The lines in question now read "Frequency of the detection of each microchip by each grid segment across time was assessed for its statistical significance using Odds Ratio as an estimate to compare among the various segments" - The Chi-square test had been used in an earlier revision of the manuscript, but was decided to be an inaccurate depiction of the statistics in this study. We therefore decided to use only Odds Ratio for comparison between segments. The included verbiage, now deleted, was an editorial error on the authors' part when submitting. Thank you for recognizing this error.
L200: In Table 1, the odds ratio and 95%IC were reported but their significance was not tested. As example, according to the 95%IC the odds ratio for SF, RVC and Cecum LB seems non-significant. I suggest to add “as reference” in row 2 and “95%” in row 4.
Suggested edits made to the table. Chi-square to provide P-values not performed (see response above).
L213: “…altered…”?
I am unclear as to the desired change as we felt the chips did not alter normal GI physiology. I removed the sentence and added “and induced minimal localized inflammation” in the following sentence.
L221-228: Can you report what is the normal depth (or its interval) which the microchip scanner can read the microchips?
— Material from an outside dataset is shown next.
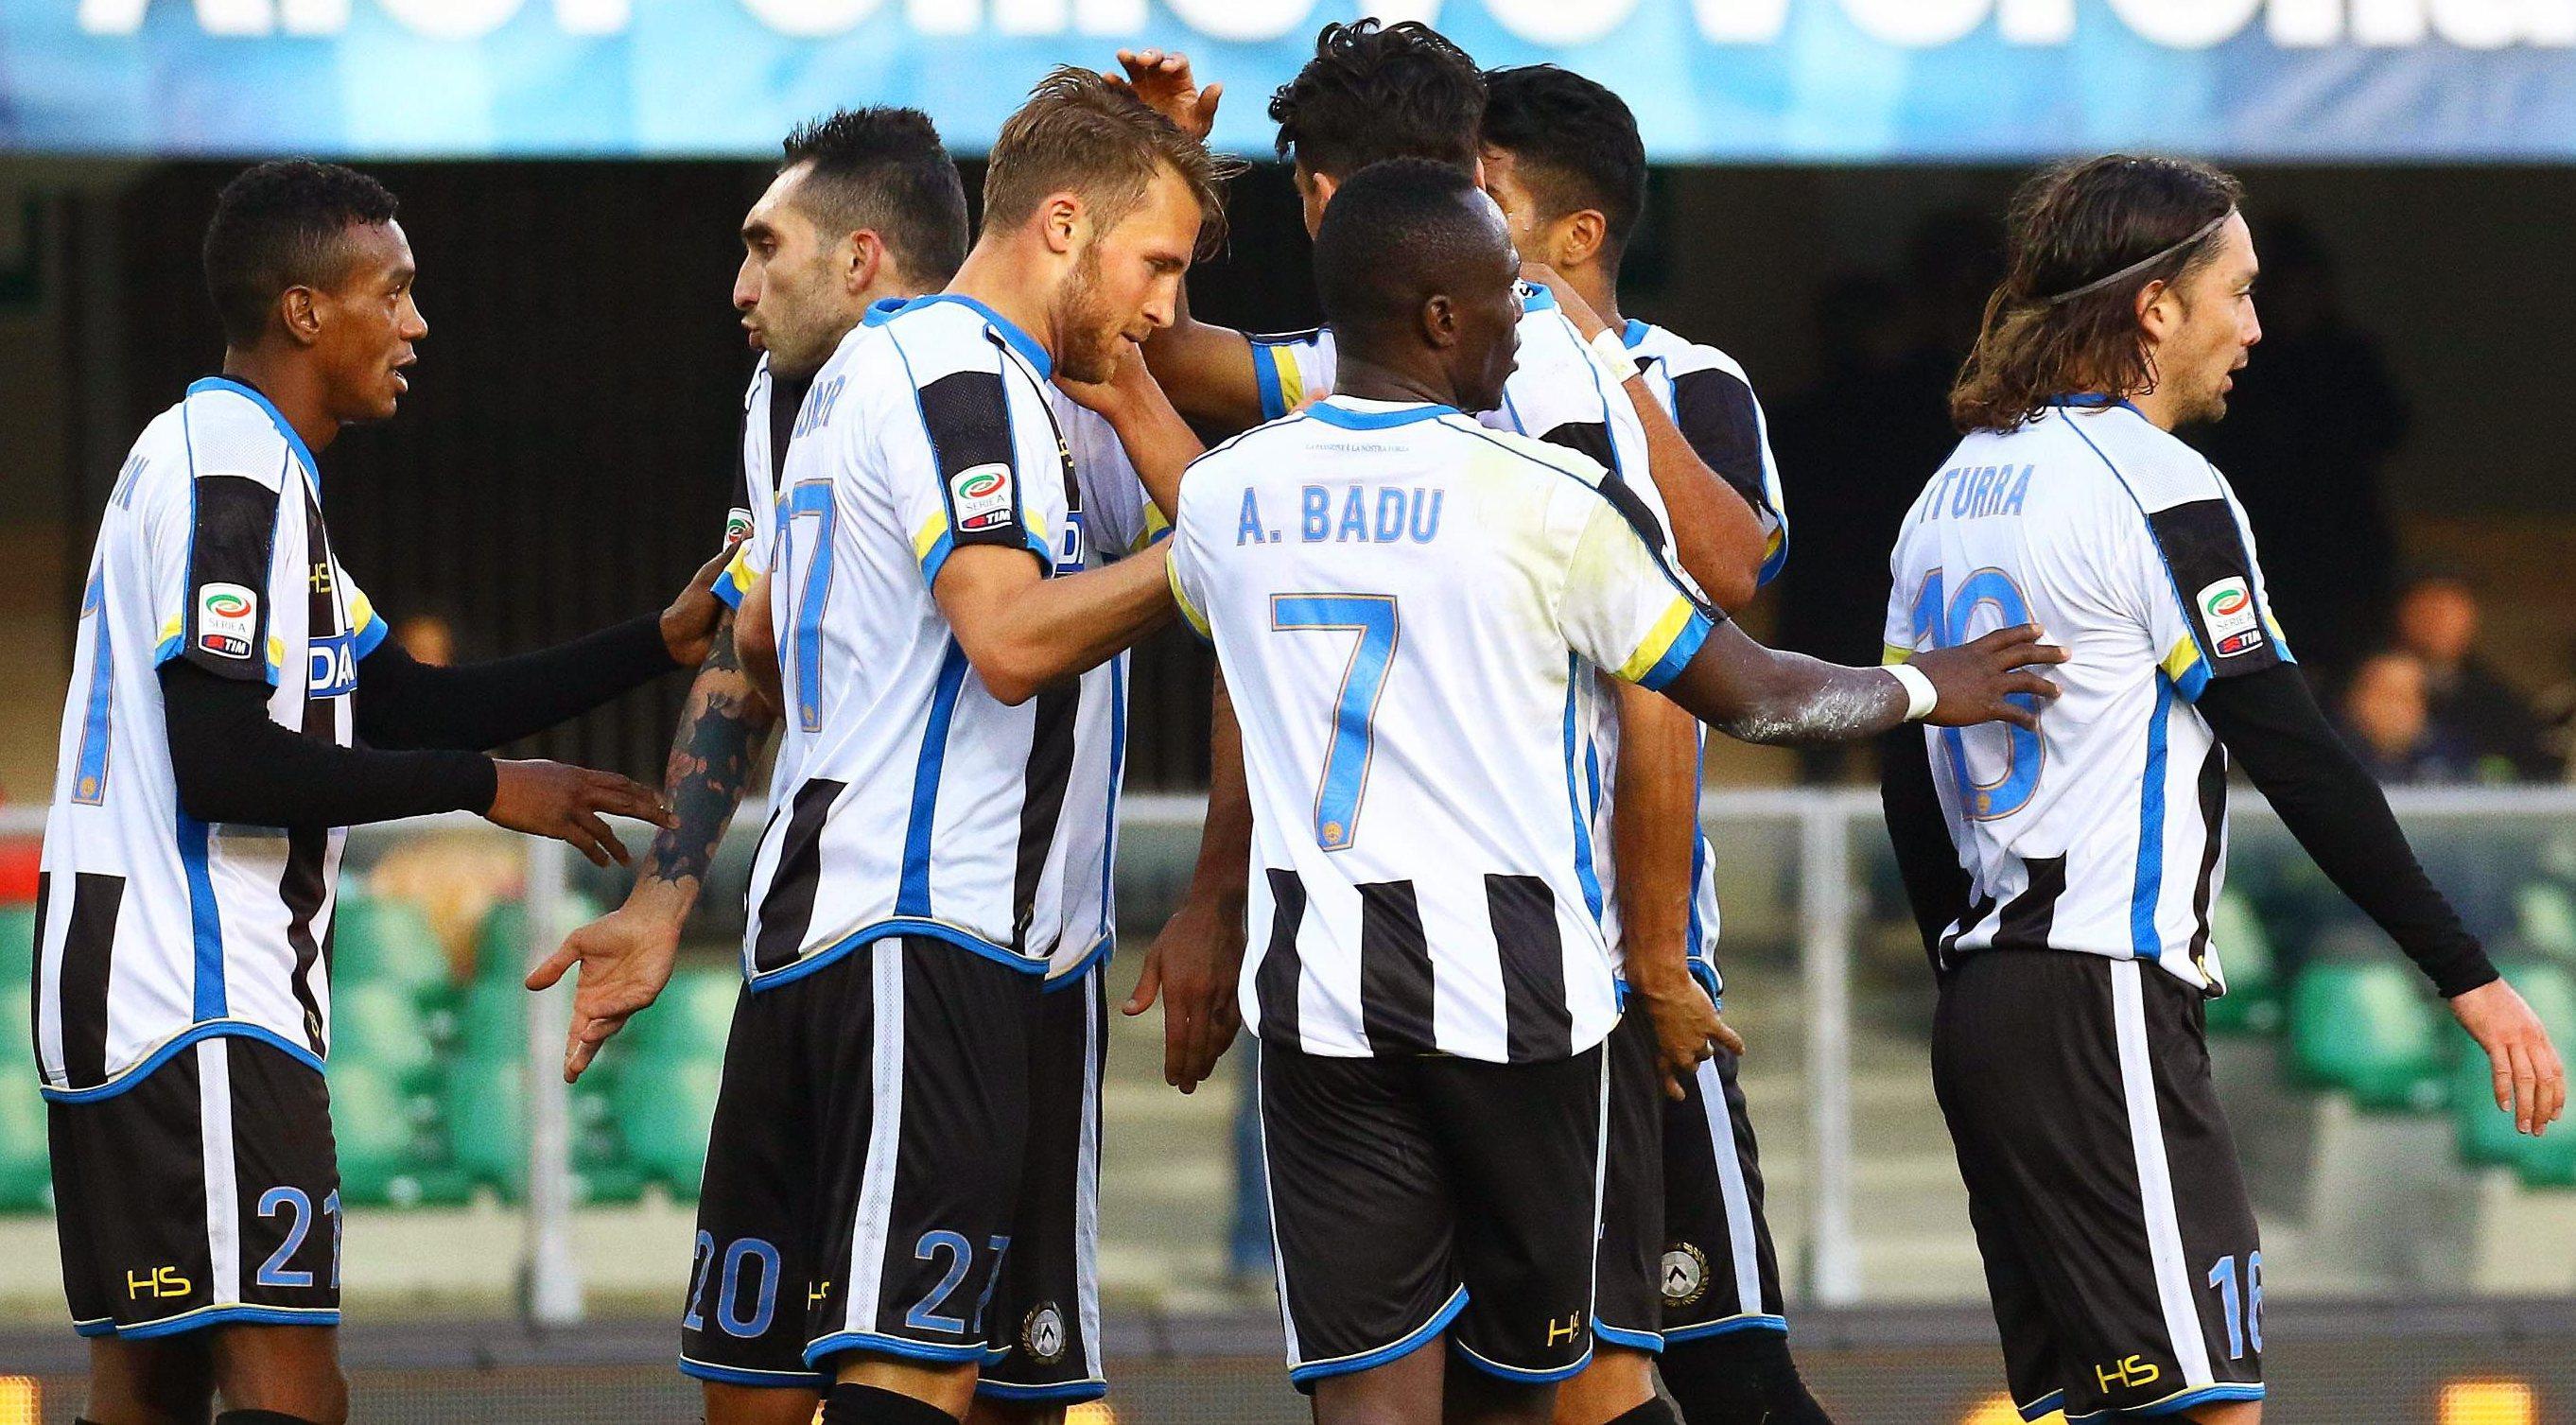 Udinese VS Cagliari BETTING TIPS (23-04-2017)
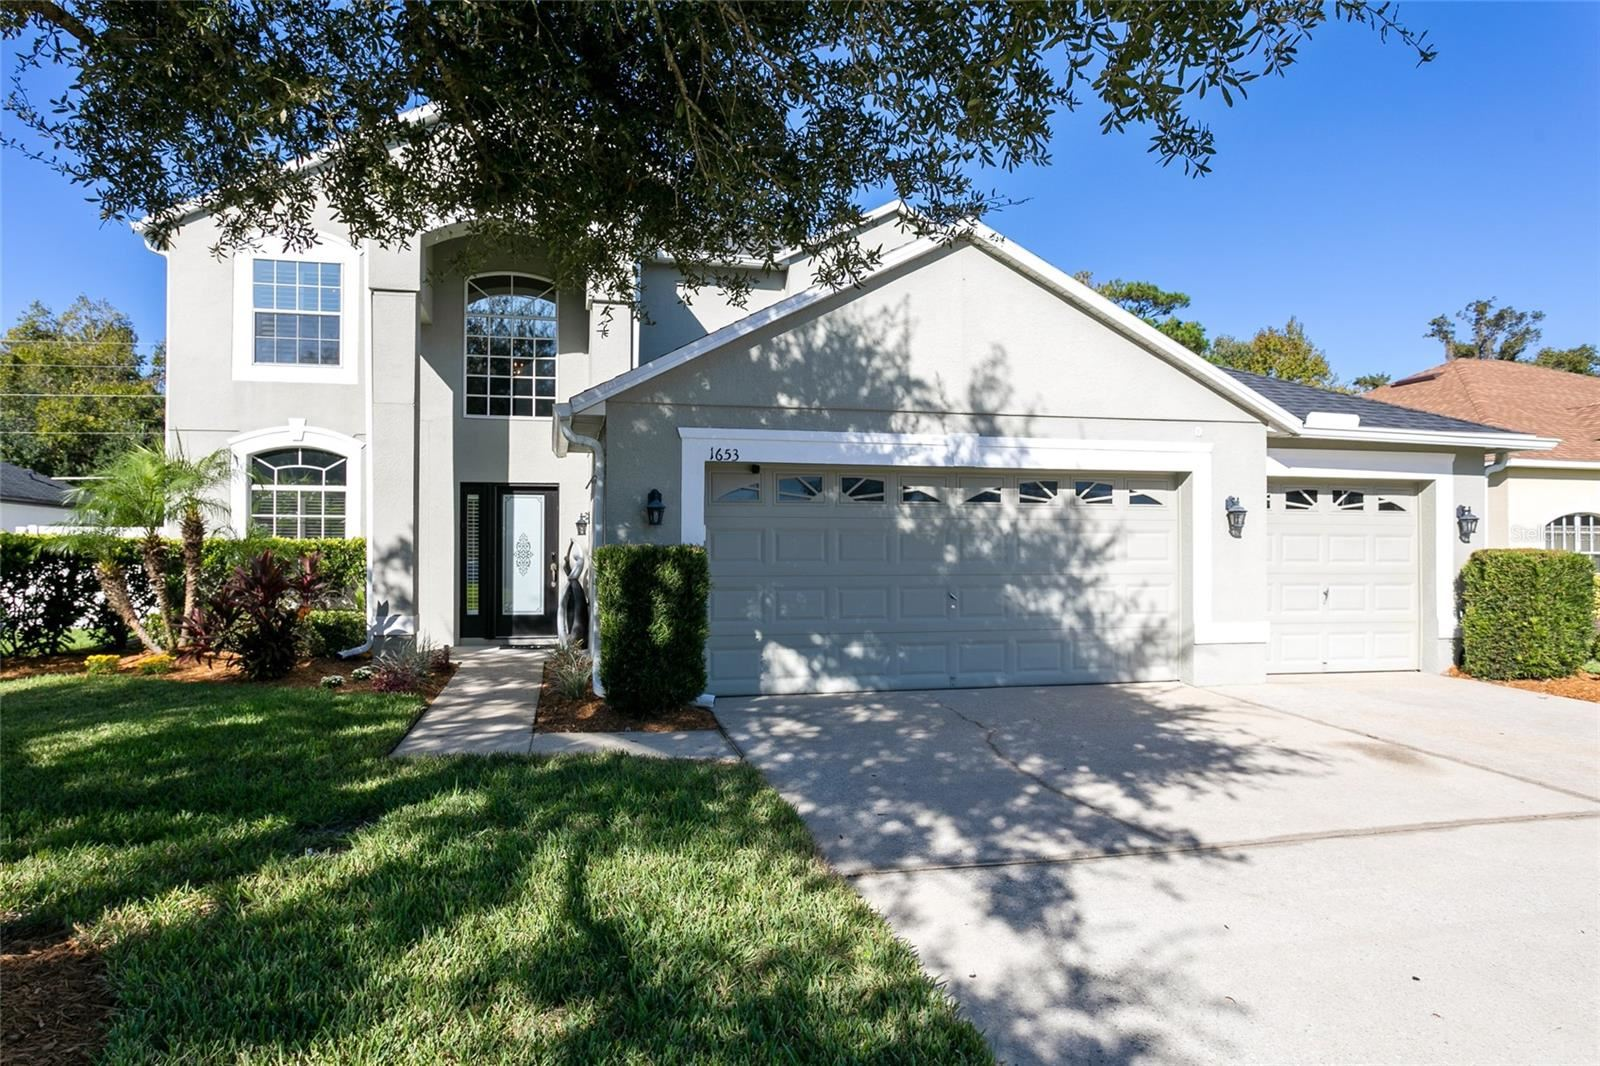 1653 SILK TREE CIRCLE, Sanford, FL 32773 - #: O5980927

The following paragraph was added in response to your request: Estimated depth of detection of microchips was approximately 15cm, inclusive of the body wall, based on a 15cm maximum diameter of detection externally. This is consistent with preliminary work performed on a necropsy specimen where a microchip attached to the right ventral colon was detectable from the external body wall only when adjacent to it. When the colon was manipulated 180 degrees, the chip could no longer be identified.
L256-257: Your study detected the (temporary) displacement of colon/cecum as you define as movement. Nevertheless, you only consider the frequency of detection and not the timeline across the whole experiment and the degree of movements were not evaluated. So, we know that the movement occurred, but not the distance and duration. I think that one/two paragraphs addressing the main advantage and limitation of this new method inserted in the discussion will be appreciate by the readers.
Some additional data was added to the methods and results under “3.1. Microchip Identification” to add additional data regarding timeline and movement of chips. Also, a link to the webpage with an animated depiction of movement of the colon was provided.
Author Response File: 
Author Response.pdf
Round 2
Reviewer 2 Report
Dear authors,
thanks for providing this revised version. All comments/sugestions were considered and, in opinion, this version is able to be accepted by Animals.
Congratulation for your site! May be it permanence (specially the microchip movements) can be ensured if hosted by MDPI.